А ведь верно, подумалось мне. Когда я впервые встретила Ноилина в Самсоде, он показался мне человеком конченым, немощным, уставшим от борьбы, сдавшимся наступающему бессилию. Я видела старика – пусть еще не дряхлого, но уже не способного получать радость от жизни. Первое впечатление оказалось обманчивым и Ноилин еще не раз удивлял меня тем, как яростно цеплялся за жизнь. Постепенно он изменился и окреп; но тогда я видела мало перемен.

Эти перемены стали заметны в Ниннесуте: рядом с данной Лиорой на ступенях разрушенного храма я увидела молодого, полного сил и жизненной энергии мужчину – вот почему я не смогла узнать его сразу. А когда Ноилин и Ленни оказались рядом в подземелье, я затруднилась бы сказать, кто из них выглядит старше. Но в своих подозрениях я сполна утвердилась на корабле: время не властно над магом Хедом Ноилином. Он обманул время. Гладкость кожи, крепость тела, живость движений – любой, кто его видел, сказал бы: «вот молодой мужчина от силы тридцати лет»…

А я?

И тут я поняла неприятную истину, от которой бежала и которую с трудом могла произнести вслух. Но если я не скажу это сейчас, потом сделать это будет куда труднее.

– Но я не такая! Я самая обычная! У меня ведь ничего нет! Ни имени, ни денег, ни внешности… Ни дара! Я никто! – я вырвалась из его рук и отступила назад.

– Кэсси, это неважно, – обескуражено пробормотал Ноилин, удивленный отчаянной горечью моих слов.

– Для меня – важно! Это неправильно! Я Вам не ровня! Мы слишком разные. Я стану старой, а Вы… Вы скоро пожалеете, что связались со мной. Я скоро надоем Вам.

– Вот, значит, как ты обо мне думаешь? – помрачнел Ноилин.

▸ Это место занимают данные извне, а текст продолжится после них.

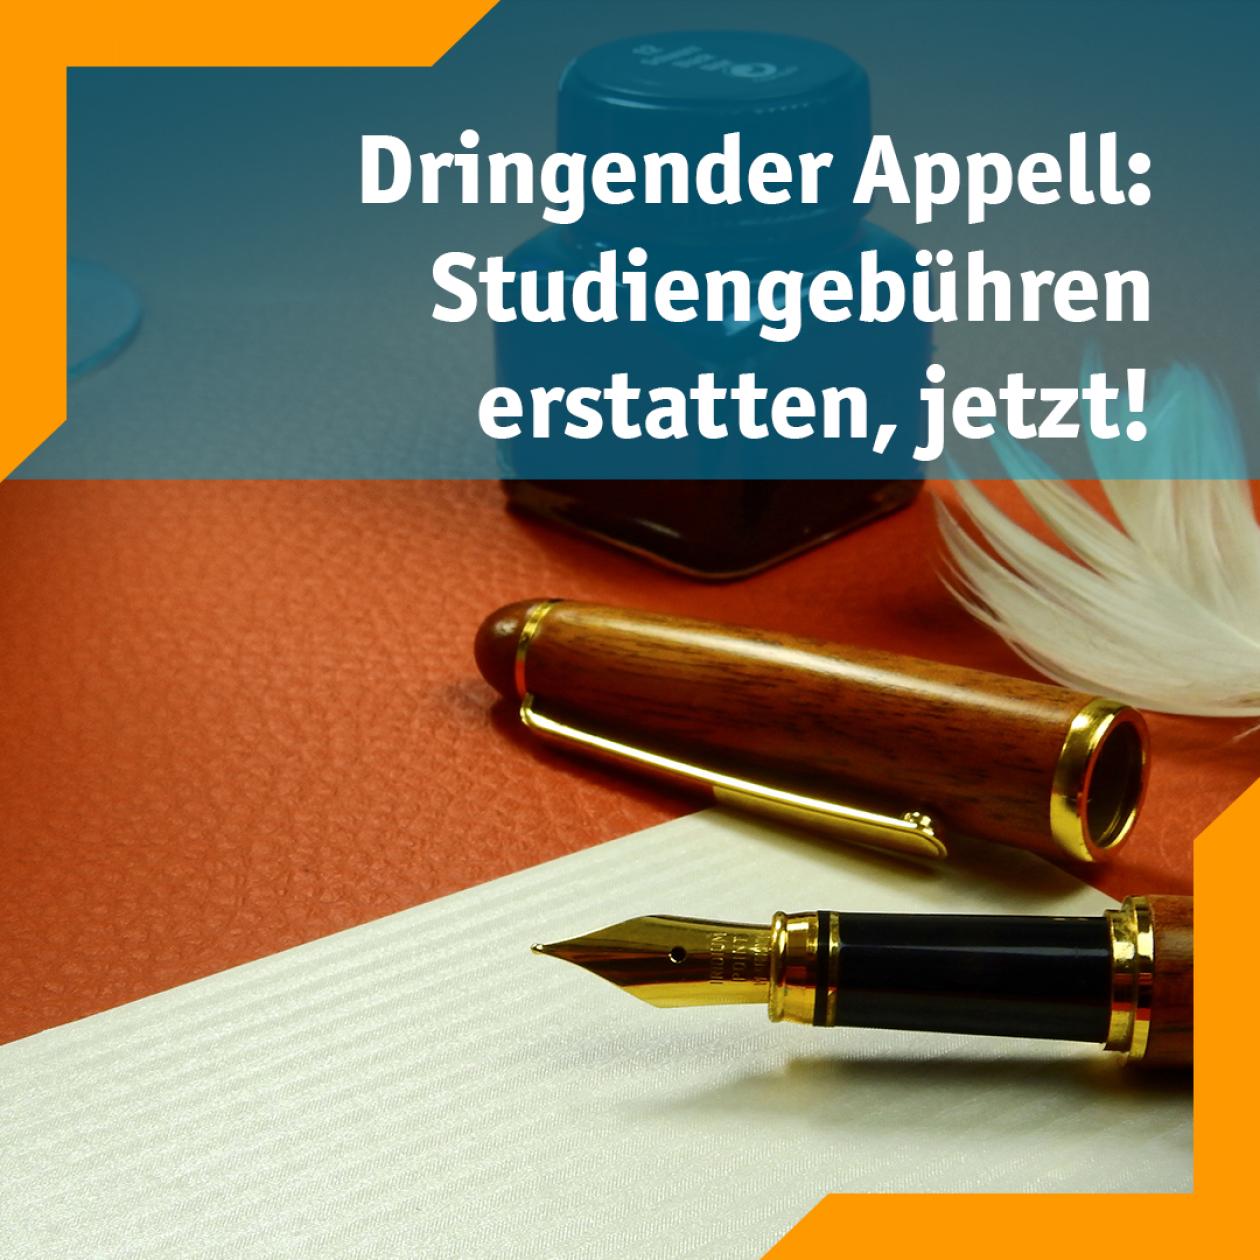 Dringlicher Apell: Studiengebühren erstatten, jetzt!

– Я уже не знаю, что думать, – ладонями я крепко сжала виски, словно таким образом могла остановить водоворот мыслей и чувств, раздирающих меня, – Что это на меня нашло? Как я вообще могла мечтать, что мы можем быть вместе? Это невозможно. Вы… и я. Разве только на короткое время… Но я так не хочу. Я так не выдержу. Потом мне будет еще больнее.

Ноилин коротко рыкнул, резко схватил меня за руку и поволок к двери.

– Не жалуйся потом, что я тебя не предупреждал, – с яростным шипением пробормотал он, не обращая ни малейшего внимания на мое сопротивление, – Я буду кошмарным мужем, это я обещаю.

В ужасе я отпрянула, попыталась вырвать руку…

– Нет, нет, я не это хотела сказать…

… но Хед сжал мою ладонь еще сильнее.

– Теперь уж ты меня слушай и не перебивай, противная девчонка. Я буду исчезать и появляться, потому что у меня есть много дел, о которых ты пока не знаешь, а иногда и знать не будешь – ради твоего же спокойствия. У меня отвратительный характер и еще худшие привычки. И еще я стар – а это много значит, чтобы ты ни говорила. Но я буду любить тебя, Кэсси, столько времени, сколько нам с тобой будет отпущено. Год, два, десять – не знаю. Но я не отпущу тебя, не надейся. А теперь идем.

– К-куда?

– В Ратушу, – рявкнул он, – Или где еще можно здесь пожениться?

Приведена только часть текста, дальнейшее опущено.